Numerose sono le statistiche sull’impiego di capitali in tali aree che denotano un
trend ormai consolidato verso mercati ove il costo di produzione è più vantaggioso rispetto
a quello del nostro Paese.
Ad esempio, la vicina Romania è stata diffusamente colonizzata dalle imprese
venete che hanno tratto vantaggio da un mercato del lavoro di recente formazione, con una
consistente offerta di manodopera generica a costi particolarmente ridotti.
Tale processo è stato accompagnato a volte da un obiettivo di più lungo corso con
l’avvio di strutture commerciali locali senza limitarsi alla sola fase di “buy back” dei
prodotti (ossia, al rientro nel mercato domestico del manufatto finito).
Basti pensare all’apertura di nuovi stabilimenti in Cina per la diffusione di prodotti
di largo consumo nella stessa Repubblica Popolare.
Tuttavia, ciò ha spesso comportato conseguenze negative tra cui l’imitazione
sfrenata e sovente impunita della tecnologia e dei segni distintivi sui quali molte aziende
venete poggiano le chiavi del proprio sviluppo.
Nella descritta situazione, appare consigliabile diversificare progressivamente il
rischio in una pluralità di mercati a livello globale, rivolgendosi anche ad alcuni Paesi che,
pur non potendo qualificarsi come “in via di sviluppo”, offrono, nondimeno, condizioni
complessive di sicuro interesse.
Si pensi al mercato nordamericano o alla più estesa area “Nafta” (Canada, USA e
Messico) di cui poco si parla in tema di delocalizzazione e che pure rappresenta un
territorio commerciale di primaria importanza.

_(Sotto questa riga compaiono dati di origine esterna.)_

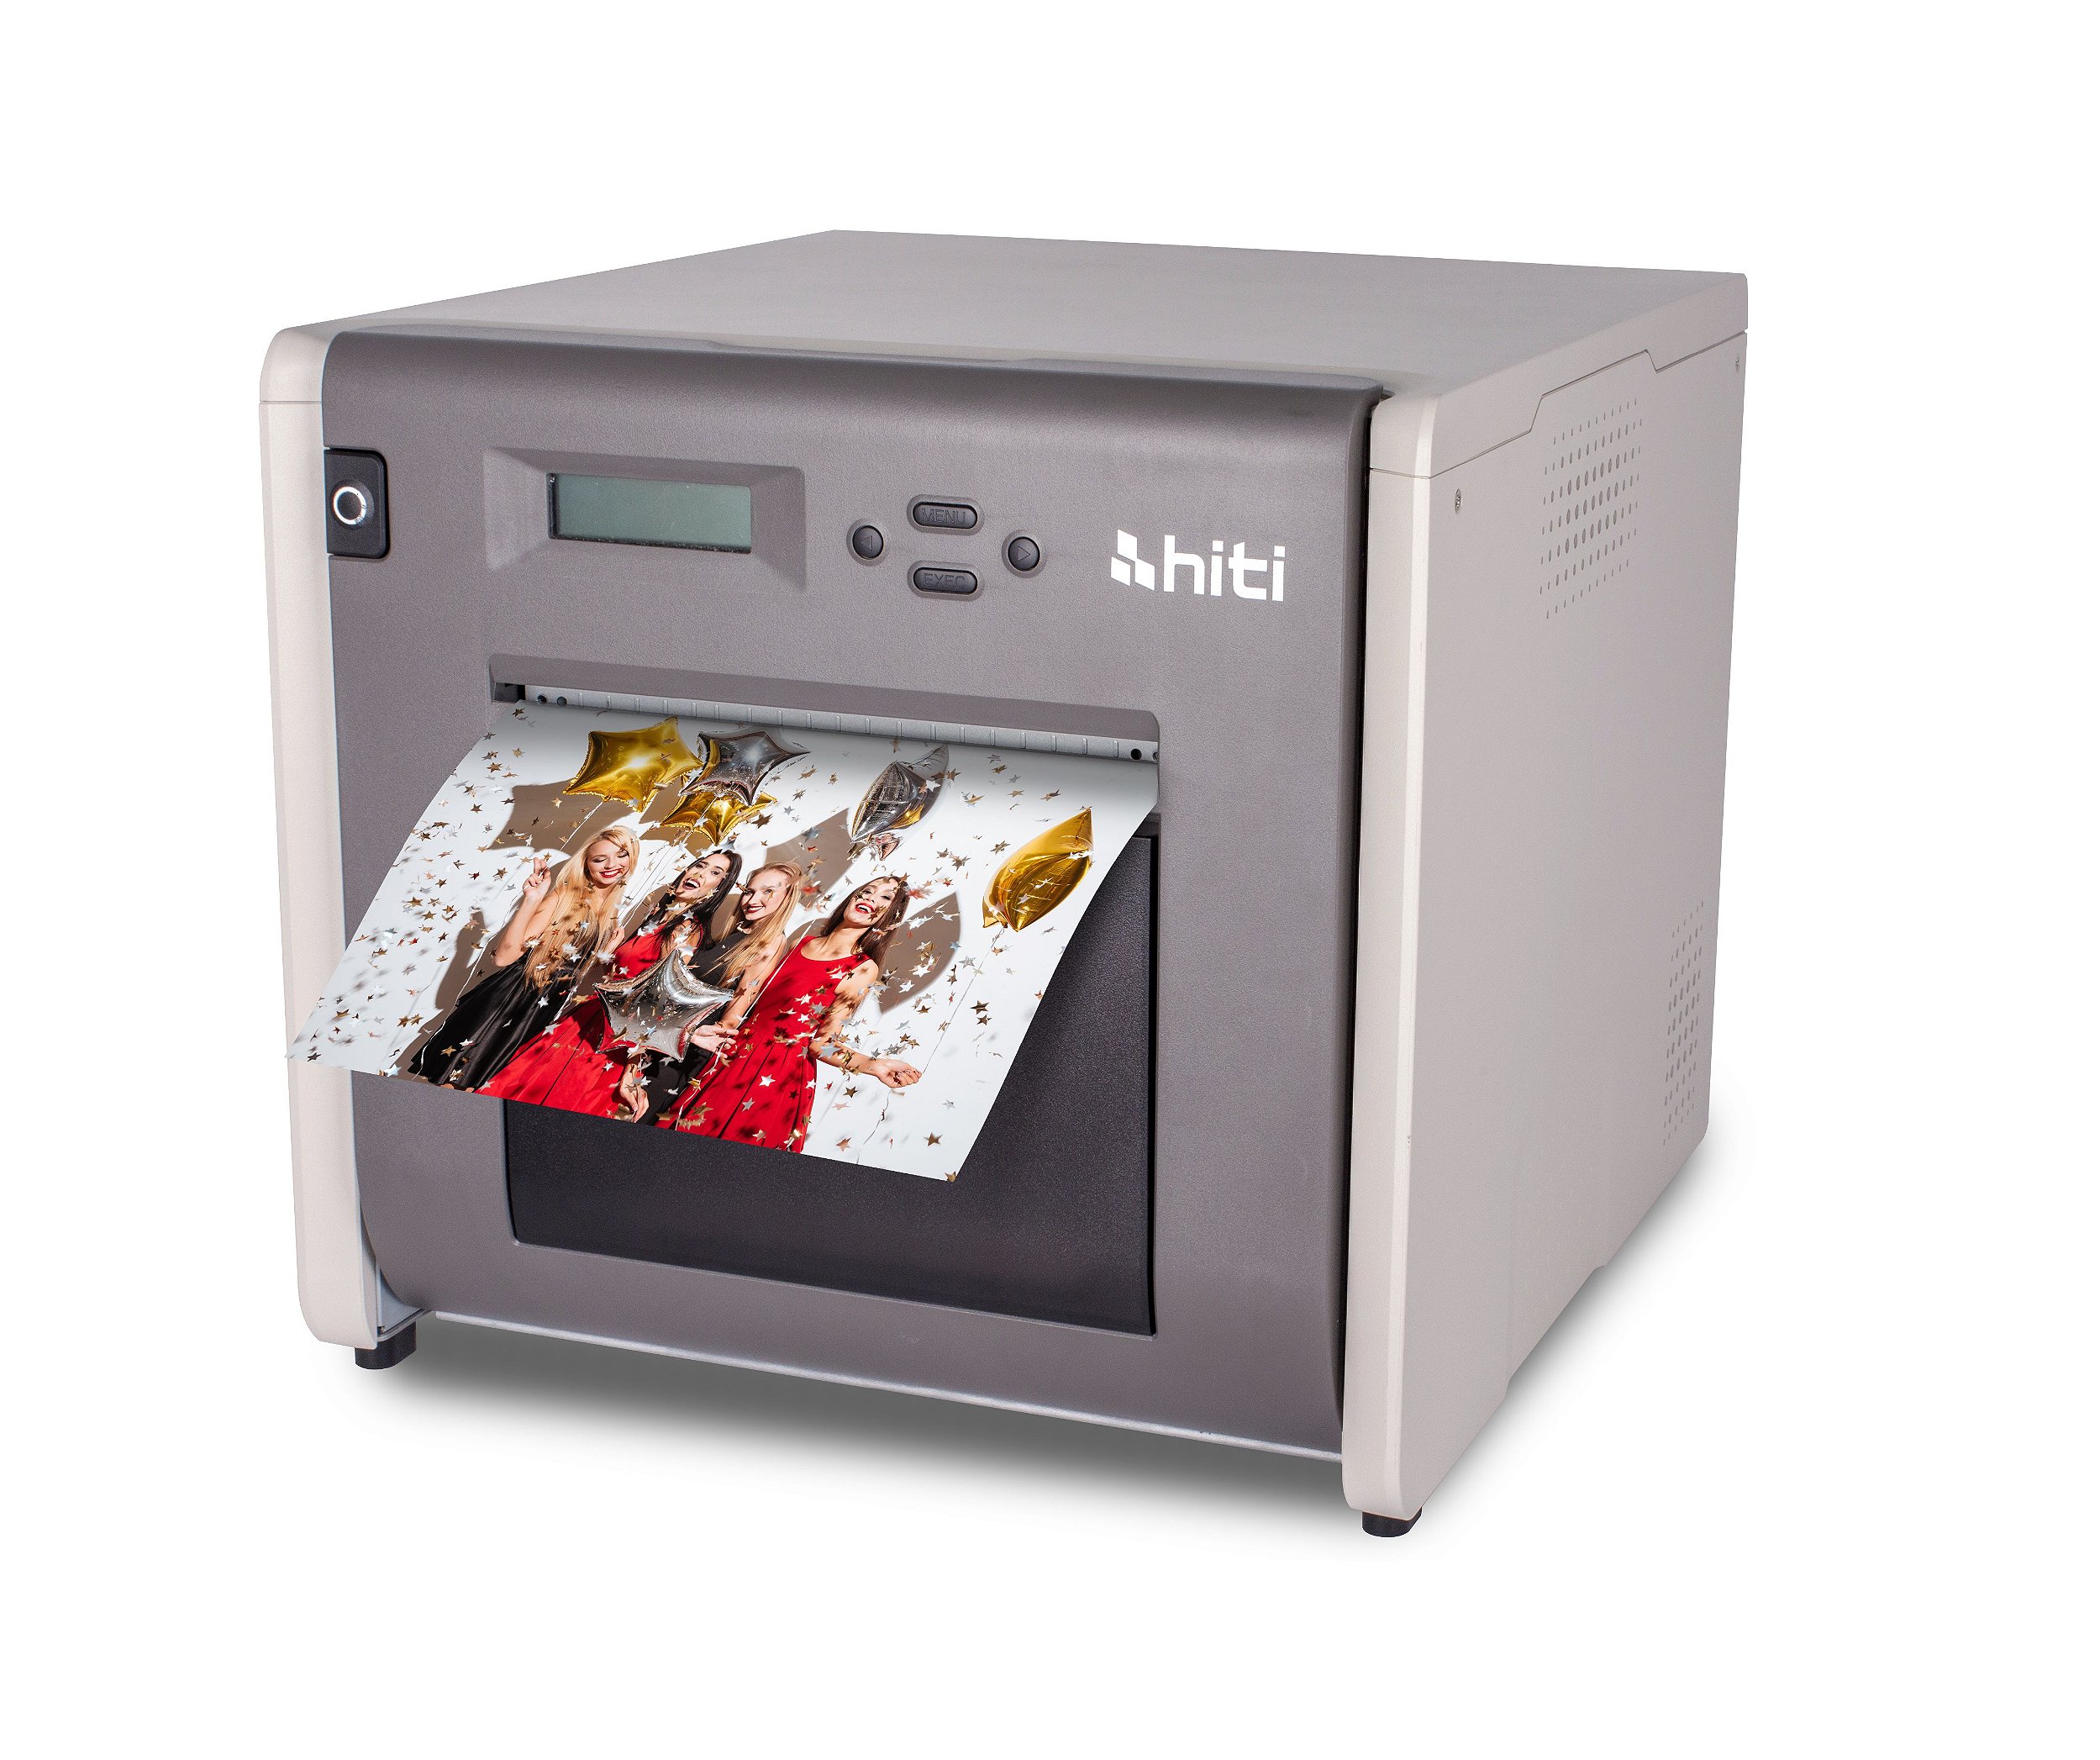 Impressora HiTi P525L - Guaraci Digital Distribuidor Oficial HiTi e Citizen

Negli Stati Uniti, ad esempio, l’assunzione e la dismissione di forza lavoro sono
assecondate dalla massima flessibilità oltre a comportare un costo complessivo
sensibilmente più ridotto a confronto con quello del nostro Paese e di molti Stati
dell’Europa comunitaria.
Inoltre, il mercato del lavoro si avvantaggia di un livello tecnologico decisamente
elevato, di un’offerta ricca e variegata e di un sistema normativo fra i più avanzati nella
tutela dei diritti di proprietà intellettuale che punisce severamente la pirateria commerciale
e la contraffazione.
L’economia USA sta registrando, fra i Paesi industrializzati, il più alto tasso di
crescita con il PIL al 4,1% nel quarto trimestre 2003 con un probabile incremento al 4,8%
nella prima metà del 2004 ed una media annua tra il 4,5% e il 4,7%.

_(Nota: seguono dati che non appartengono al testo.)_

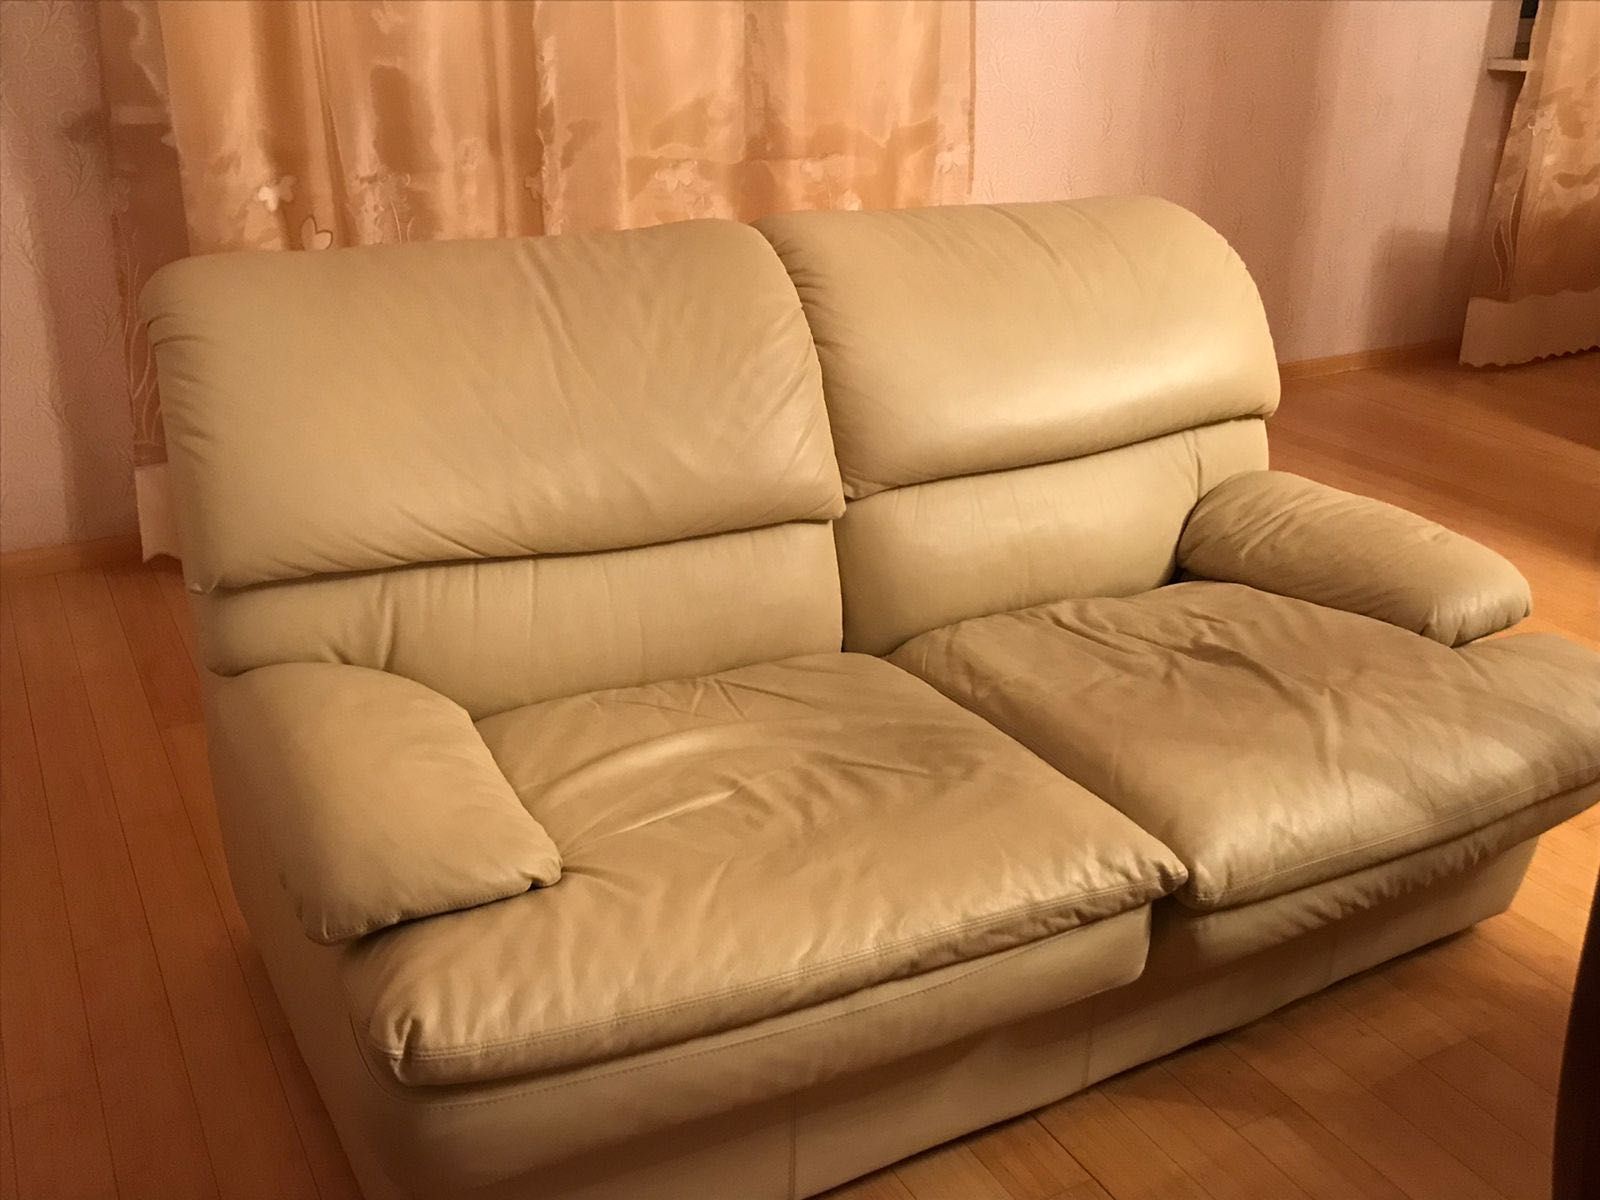 Комплект кожаных диванов и кресла 3+2+1. Элитный производитель, Италия

Al di là dei dati macroeconomici e della favorevole congiuntura valutaria,
delocalizzare in nord America e, segnatamente negli USA, significa anche poter contare su
di un interessante sistema locale di incentivi agli investimenti, con i vari Stati dell’Unione
in competizione tra loro nel concedere vantaggi fiscali e/o strumenti finanziari agevolati.
Oltre a ciò si riscontra un sistema assai strutturato di agenzie di assistenza
all’impresa che consentono un’efficace diffusione del flusso informativo tra gli operatori.

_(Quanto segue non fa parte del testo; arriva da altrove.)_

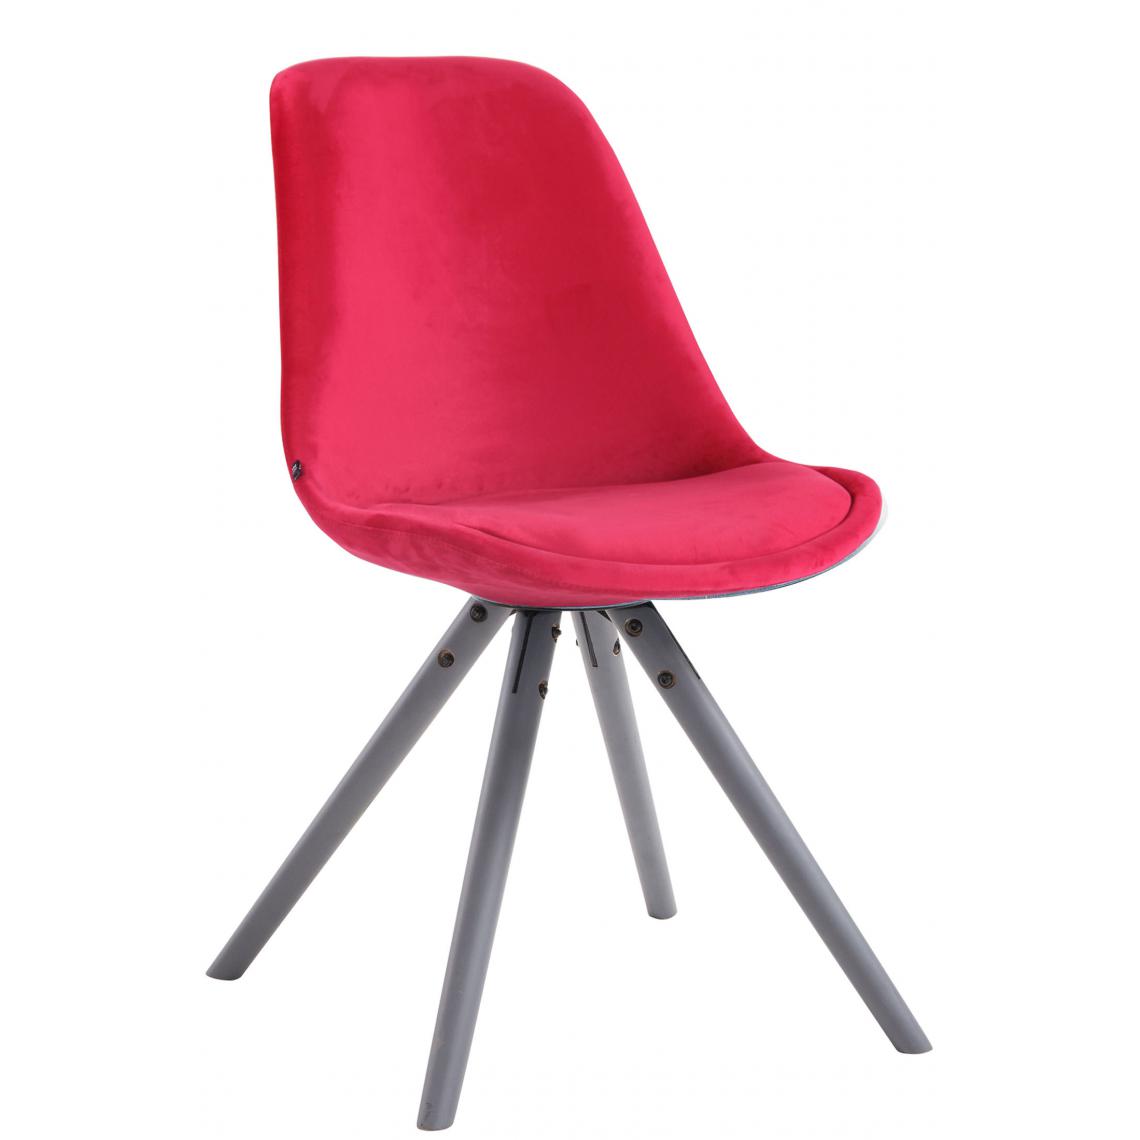 Icaverne - Superbe Chaise visiteur ronde en velours Katmandou gris couleur rouge - Chaises

Si segnala, in particolare, la small business administration (SBA) specializzata
nell’assistenza alle piccole e medie imprese il cui indirizzo web è il seguente:
www.sba.gov.
L’insieme di tali risorse non va dunque sottovalutato nell’ottica di una corretta
diversificazione nei mercati globali, che può rivelarsi una scelta di successo.